Shirley (Loretta Devine) is dying. She has cancer and her last wish is to get the entire family together so she can tell them the bad news. Unfortunately, her kids are nasty and full of themselves. Daughter Tammy (Natalie Desselle-Reid) is a horrible shrew who demeans her well meaning husband of 17 years (Rodney Perry), while successful sister Kimberley (Shannon Kane) constantly tests the patience of her long suffering spouse (Isaiah Mustafa). Only the youngest, Byron (Shad "Bow Wow" Moss), seems settled, even with all his current baby mama drama and a prior stretch in jail for dealing drugs. With little time left, Shirley wants things settled. The rest of the clan can't be bothered. It's up to ornery aunts Bam (Cassi Davis) and Madea (Perry) to make things right, even if some of the strategies they employ will unearth some long dormant secrets.
It's interesting to watch Tyler Perry work without his usual measured net. In the past, he drew on his wealth of wildly successful road show productions, piecemealed together a talented cast, and then basically made sure that the camera was in focus and the stock was running properly. No panache. No finesse. Nothing more than a Kevin Smith with a proclivity toward catering to a different demographic. But Madea's Big Happy Family is different. Actually, it's a bit more of the same but with enough change and accomplished choices to moderate the usual melodrama. The simplified story signals that things will be different. No real raging subplots. No desire to expand the narrative beyond where the filmmaker and his fans are familiar and comfortable.
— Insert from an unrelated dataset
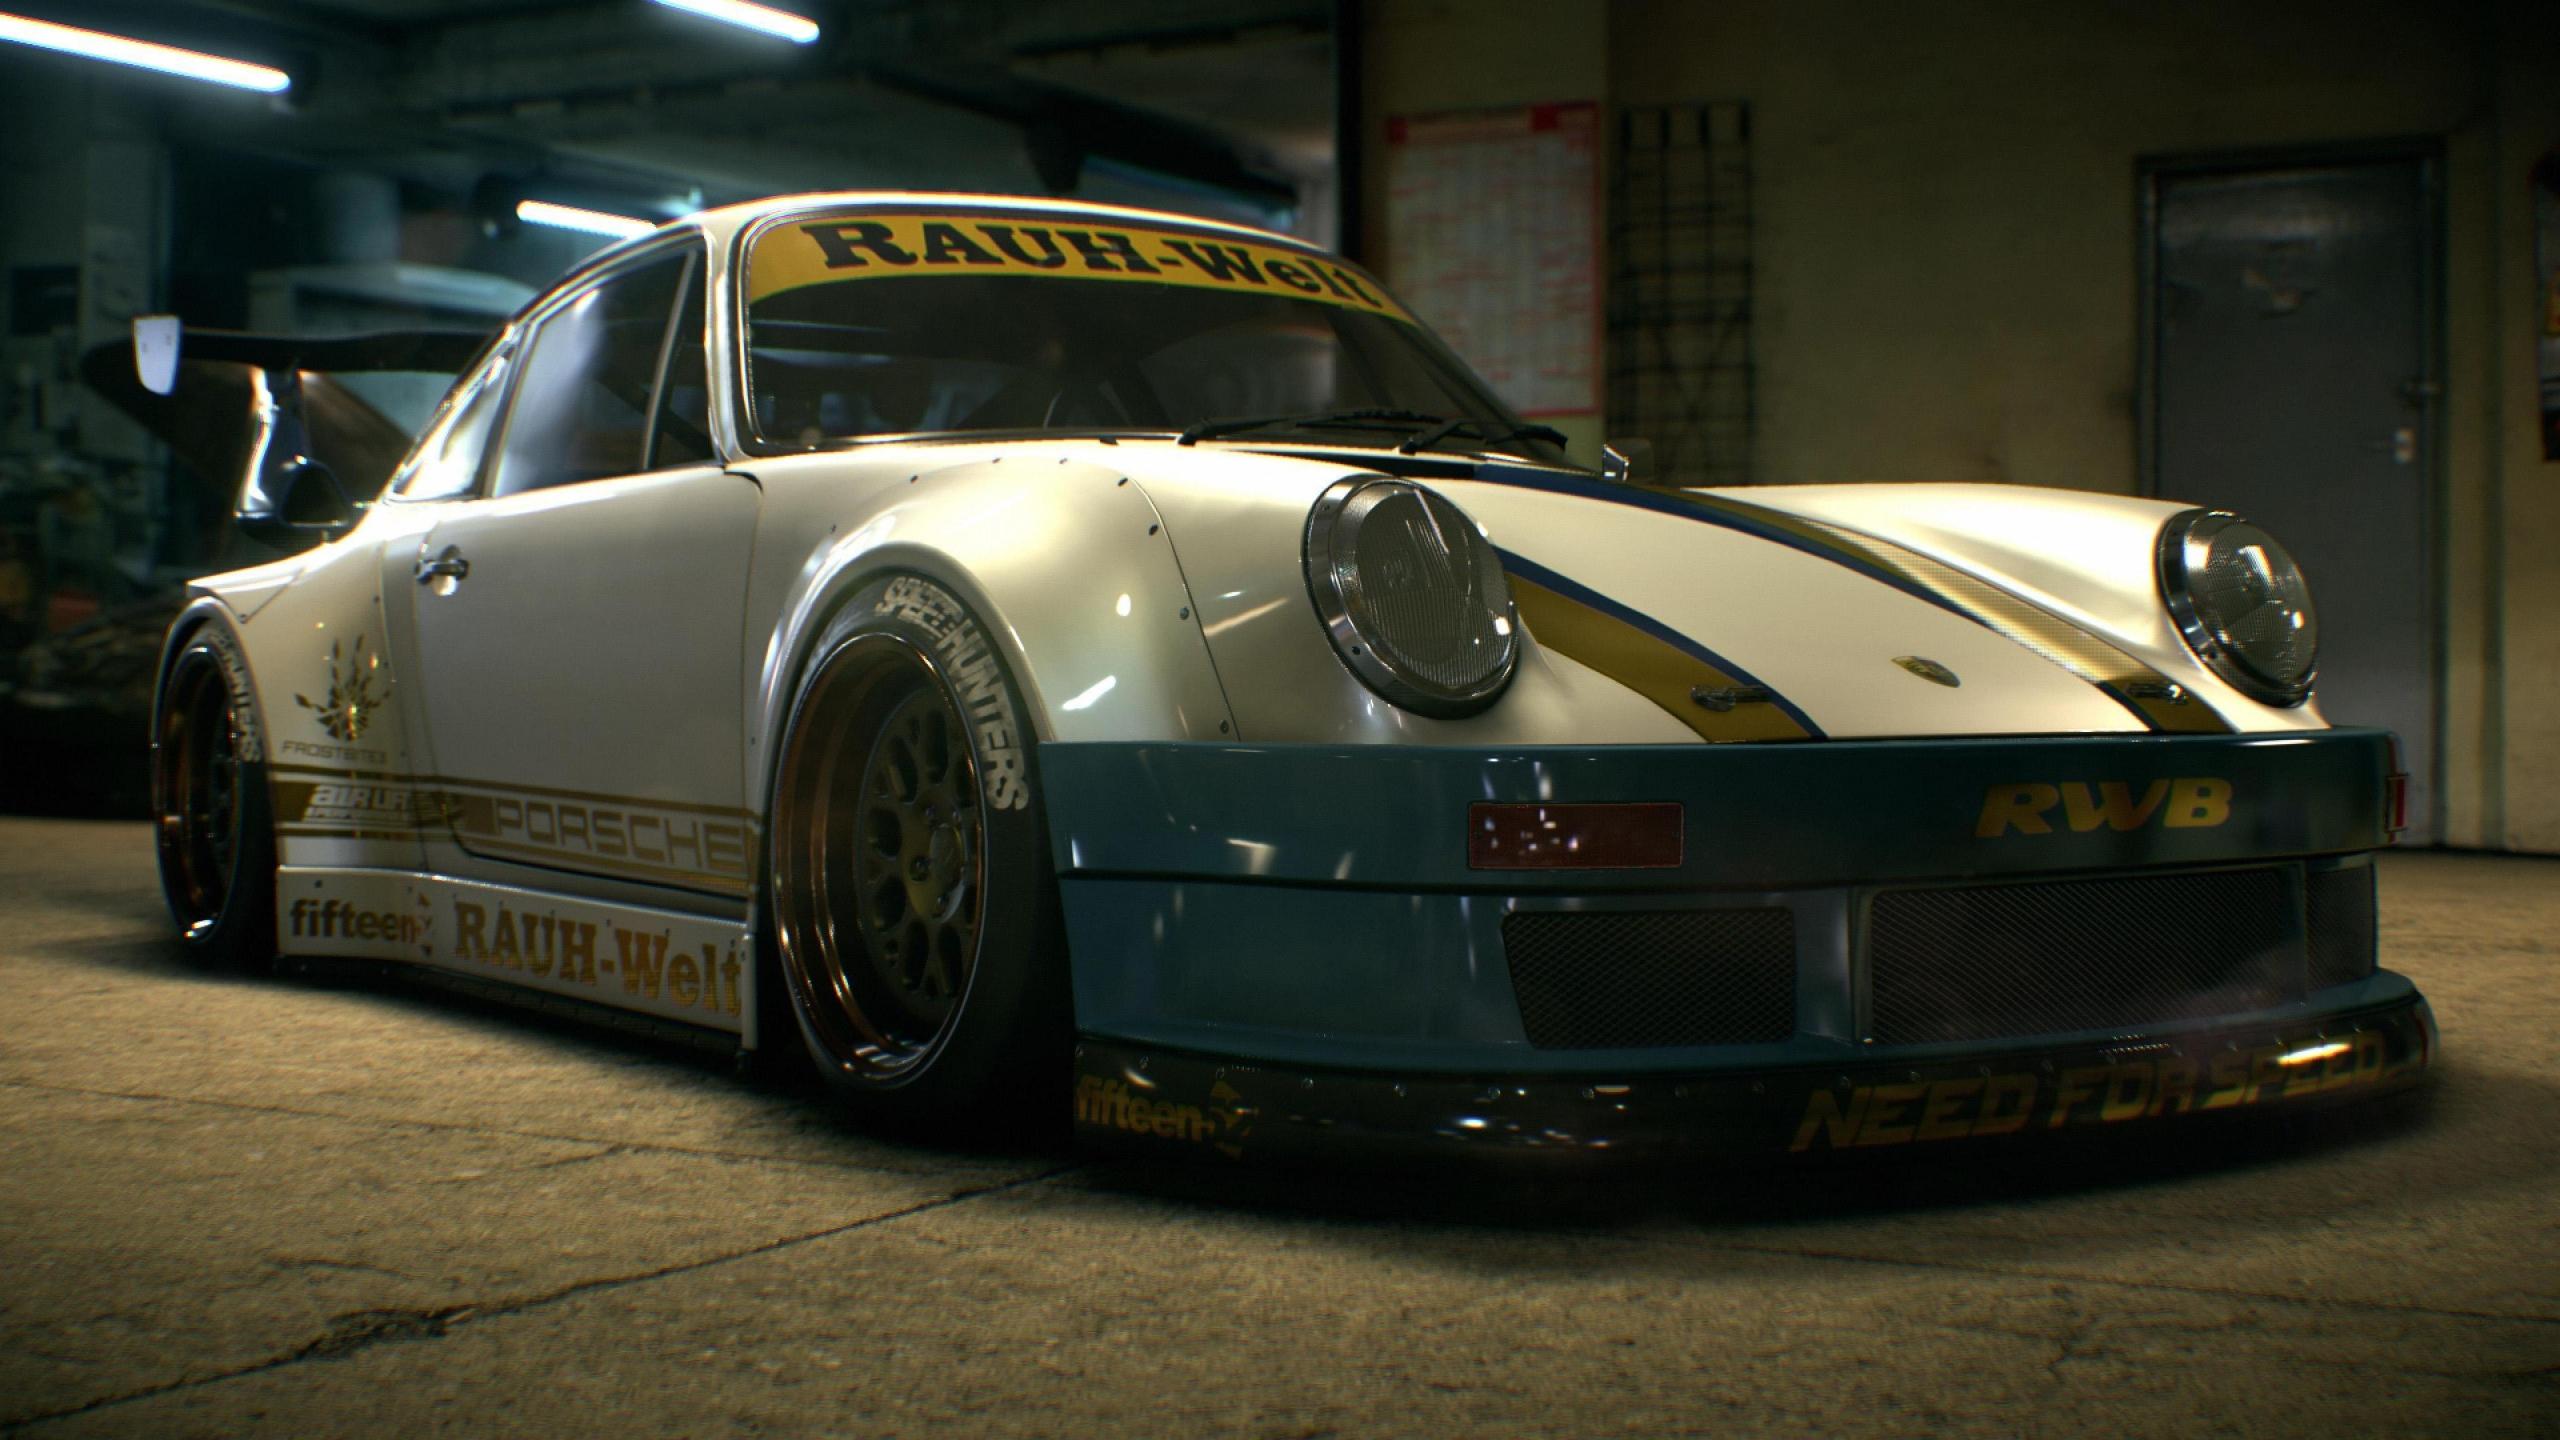 Need For Speed Porsche Rauh Welt 2560x1440 Hdtv Wallpaper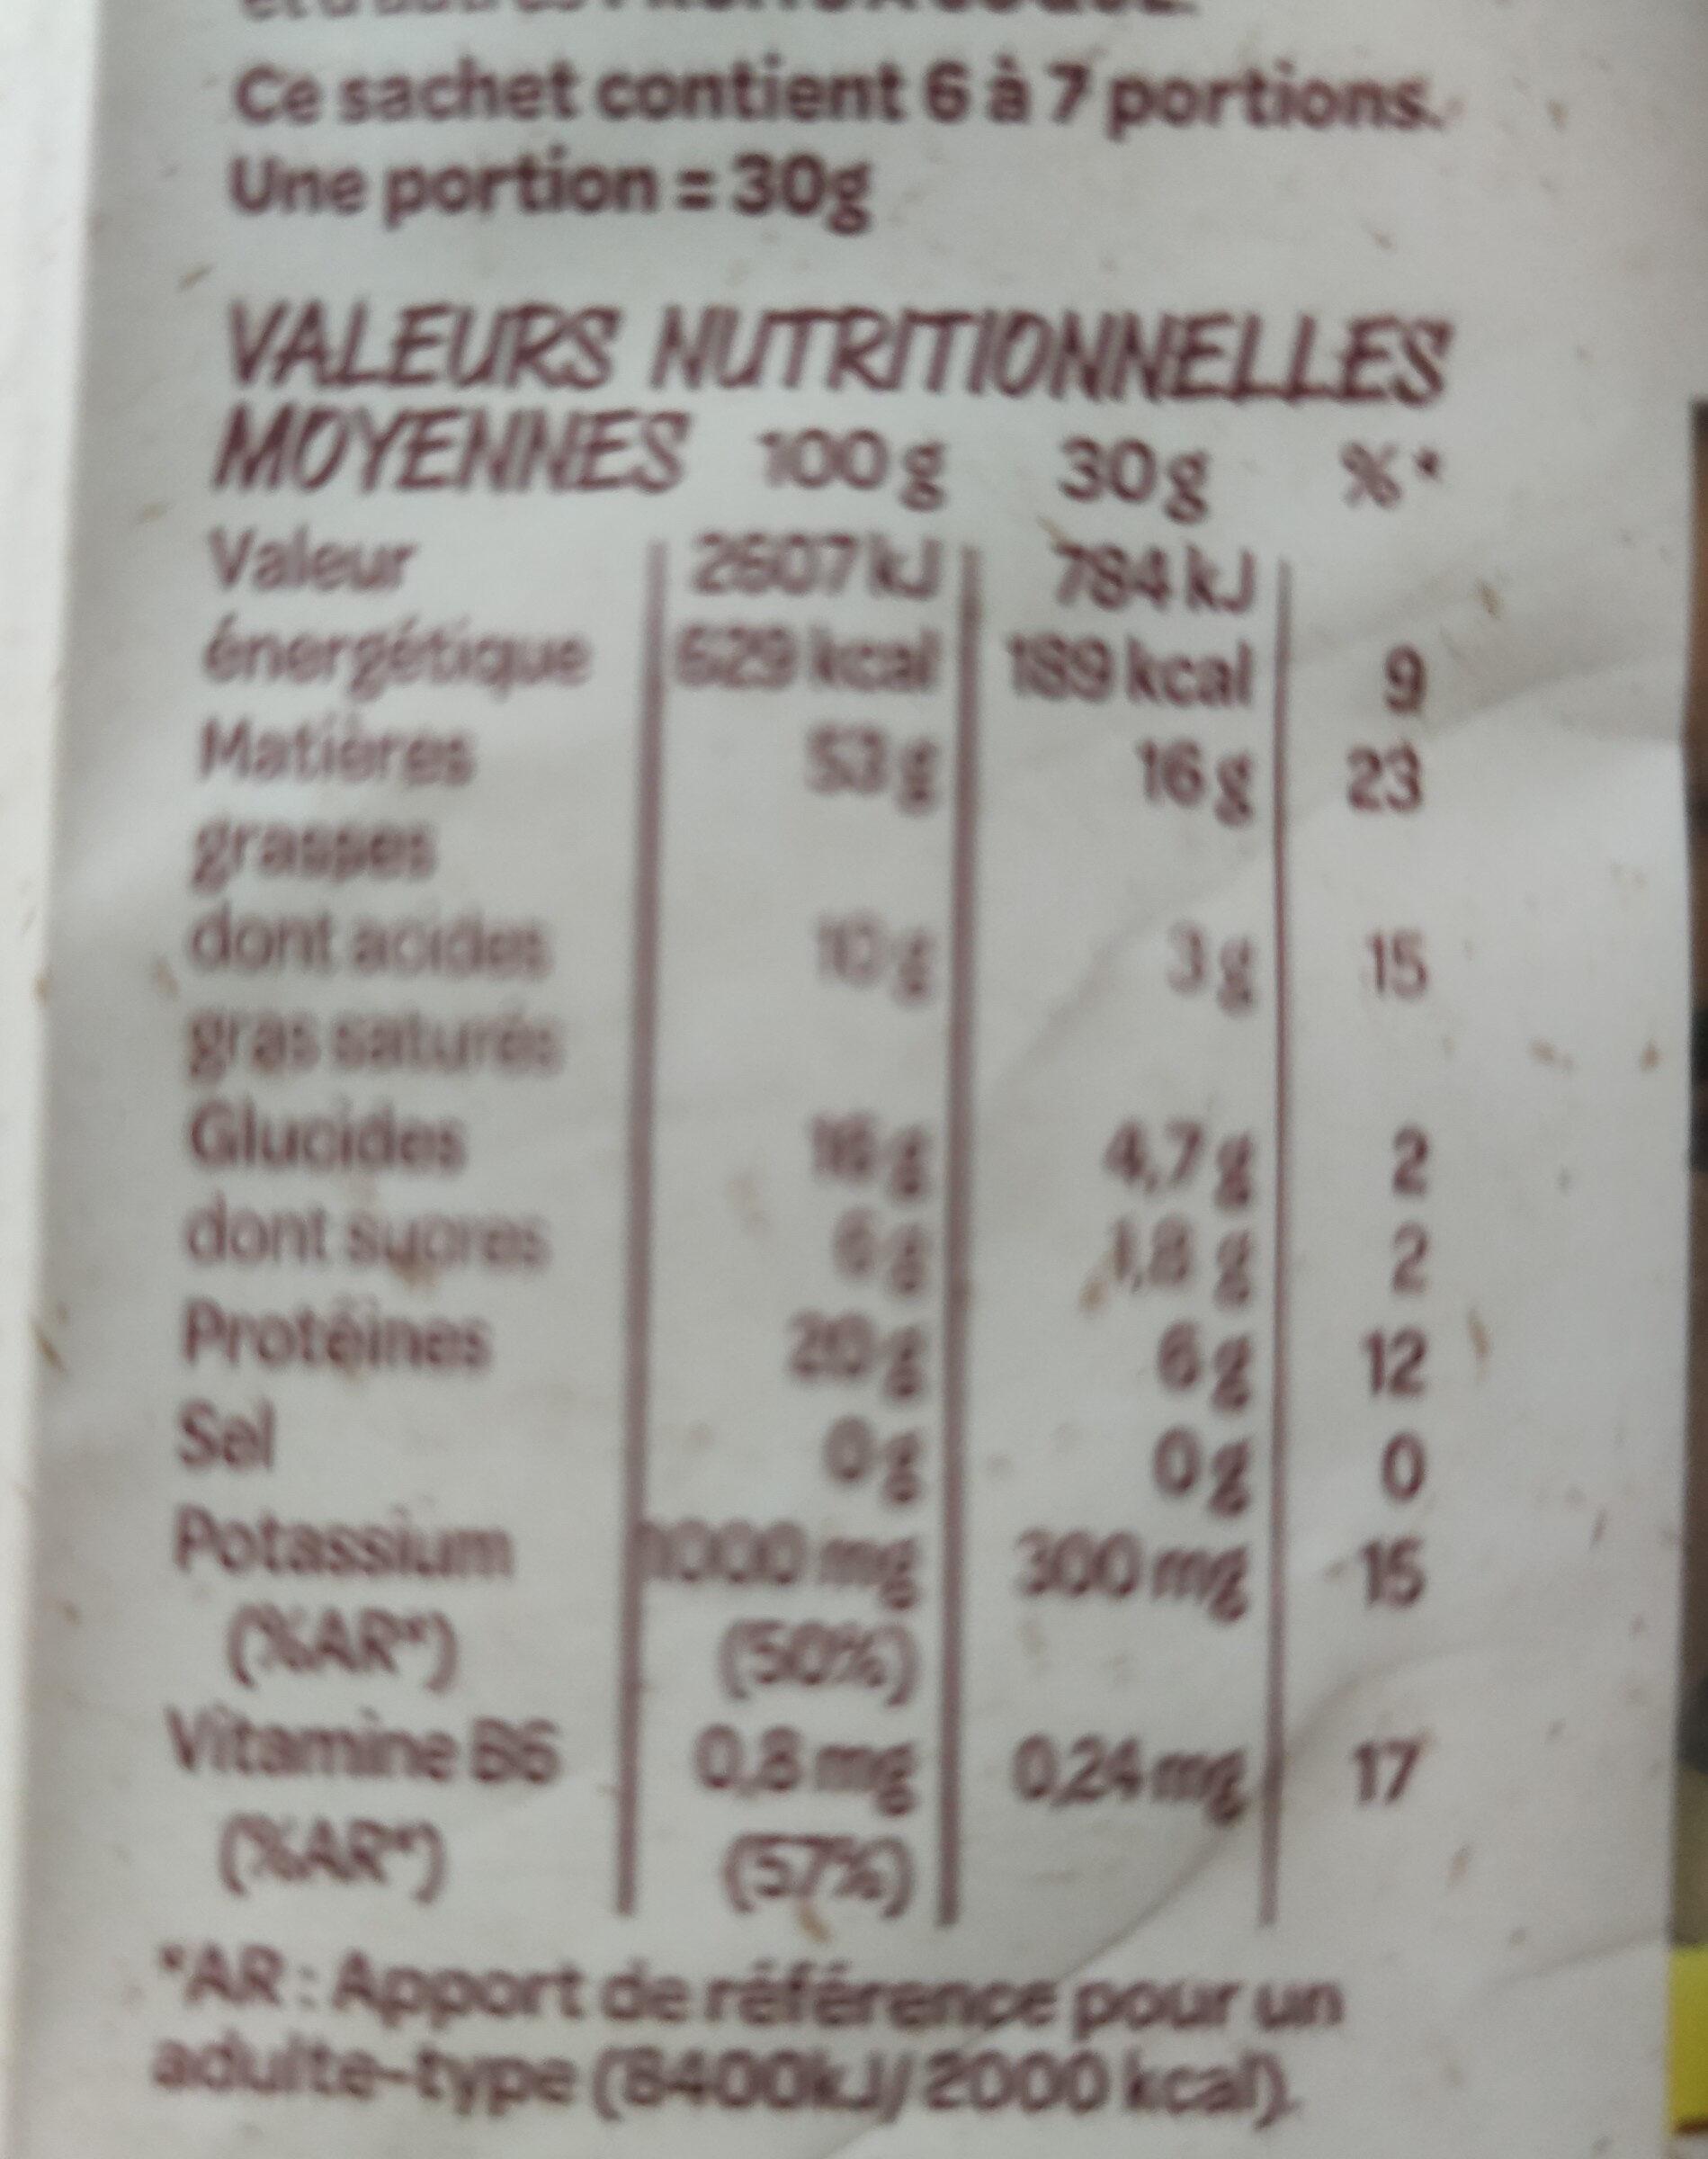 Pistaches grillées - Nutrition facts - fr

By using the family reunion dynamic as a means of getting his point across, Perry can play around with anything he wants. In this case, he takes Madea out of her comfort zone - i.e., wisecracking voice of reason - and turns her into a crusader of sorts, the champion for the family unit that this frazzled clan clearly needs.
For once, all the handwringing and high moralizing seems on point. There's no more meaningful discussion than what brings together, and separates, an otherwise close family and Perry punctuates that fact perfectly. We feel horrible for Shirley, considering her condition, and despise the entirety of her brood for being so self-centered and silly. But as Madea steps in and starts reading the various riot acts, we start to see things more clearly. This is some of the sharpest and best writing of Perry's career, insights incorporated effortlessly into the vast vaudevillian measure of his humor. Even more compelling is the decision to cut the men in this movie a break. Before, Perry was constantly channeling a "men are pigs" and "women are saints" dynamic that crew tired in its obviousness. Here, the gals have gone over, acting foolish and frivolous without any real rhyme or reason for their actions. As we get to the end and issues of abuse and paternity come into play, the girls still suffer. It is them that need to be taught a lesson, since in the world of Tyler Perry, the matriarch reigns supreme.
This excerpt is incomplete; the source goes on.